Be water, my friend

No te establezcas en una única forma, adáptala y construye la tuya propia y déjala crecer, sé como el agua. […] El agua puede fluir o puede chocar. Sé agua, amigo mío (Be water, my friend)”. Estas frases, pronunciadas por Bruce Lee en su última entrevista en televisión, resumían tan adecuadamente la filosofía del artista que se convirtieron en un filón irresistible para la publicidad. El producto a anunciar era lo de menos, aunque este tuviese una forma bien establecida y no fuese lo más inteligente probar de chocar como el agua con él. Esas palabras, por su fuerza, lograrían llamar la atención de cualquiera que estuviese cerca de un televisor, el objetivo primordial de las agencias de publicidad.

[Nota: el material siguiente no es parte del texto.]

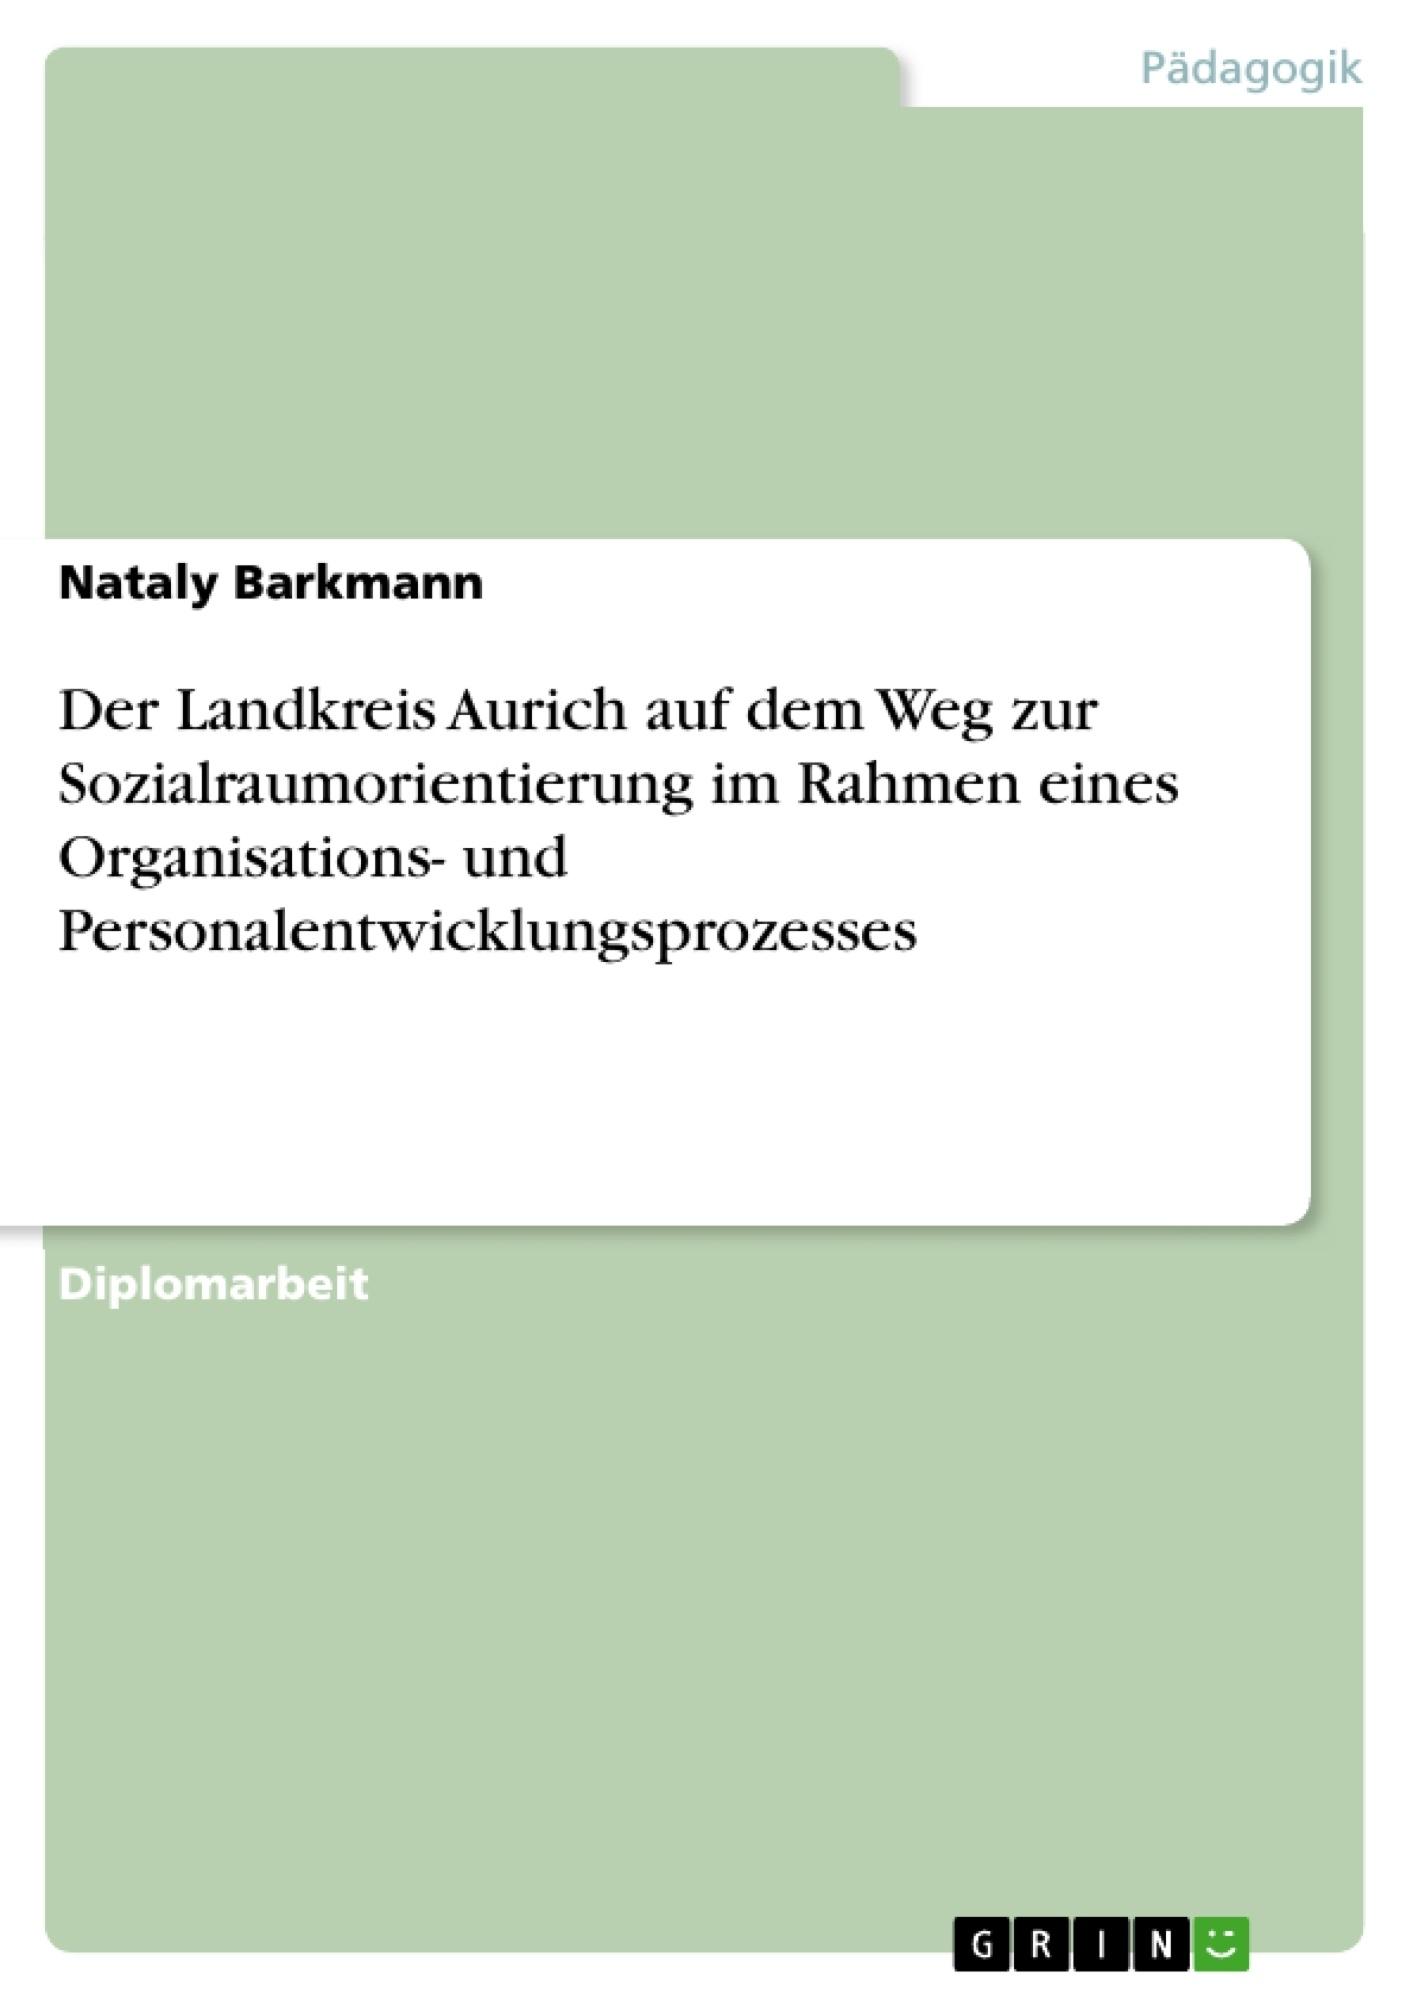 Titel: Der Landkreis Aurich auf dem Weg zur Sozialraumorientierung im Rahmen eines Organisations- und Personalentwicklungsprozesses

Puede ser que el actual técnico del Barça también girara la cabeza al escuchar a Bruce Lee en la televisión. Puede ser que entonces esas sentencias se le quedaran grabadas a fuego en algún lugar de su mente. O quizá haya que hacer caso a la navaja de Ockham y buscar la explicación más simple, que coincide con una de las citas que hicieron célebre al escritor norteamericano Dale Carnegie: si la vida te da limones, haz limonada.

El equipo que heredó Luis Enrique tenía una forma muy bien definida, un contorno que conocían en toda Europa y que, aún así, siempre encontraba formas de sorprender al espectador. El tiempo fue volviendo romas las armas que abrían heridas cuyas trayectorias desangraban al rival y la erosión se encargó de distorsionar una figura que enamoraba a primera vista. Cuando esta llegó al entrenador asturiano, estaba tan deformada que resultaba prácticamente irreconocible. Empeñado en palabra y no tanto en mente, Luis Enrique empezó a pulir los costados con la esperanza de recuperar el pasado. Cansado de perseguir el horizonte y con la erosión que había arruinado lo que él trataba de enmendar amenazándolo con seguir el mismo destino, el asturiano parece haberse hecho propias las palabras de Lee.

El Barça que vimos ayer contra el Atlético fue como el agua, chocando en la primera parte y fluyendo en la segunda, adoptando una forma que aborrecía hasta hace no mucho durante cuarenta y cinco minutos y transformándose en un equipo acompasado y suave en los restantes. Fueron dos actuaciones tan diametralmente opuestas que no hubiese sorprendido encontrar once nombres distintos en el campo. Sin embargo, el Barça, ese equipo que se daba de bruces contra el muro una y otra vez -y que solía tirarlo en la mayoría de ocasiones-, optó esta vez por usar las catapultas y danzar alrededor de las ruinas cuando la batalla ya estaba decidida, absorbiendo con una fascinante calma los últimos estertores del adversario, calma que, otra vez, contrastaba con el fuego del primer acto.

Quizá ese pragmatismo, esa exhibición cerebral, no sirvan para conquistar alguna de las escaramuzas que se dirimen en noventa minutos y puede que ello le cueste al equipo la guerra en mayo. Sin embargo, después de tres victorias en tres partidos ante el conjunto que había asombrado a Europa el curso pasado, tras apropiarse incluso de algunas de las armas de estos, no se puede ser más que optimista respecto a las posibilidades de los azulgrana de levantar el Santo Grial. Sería la quinta vez, pero, a su vez, la primera.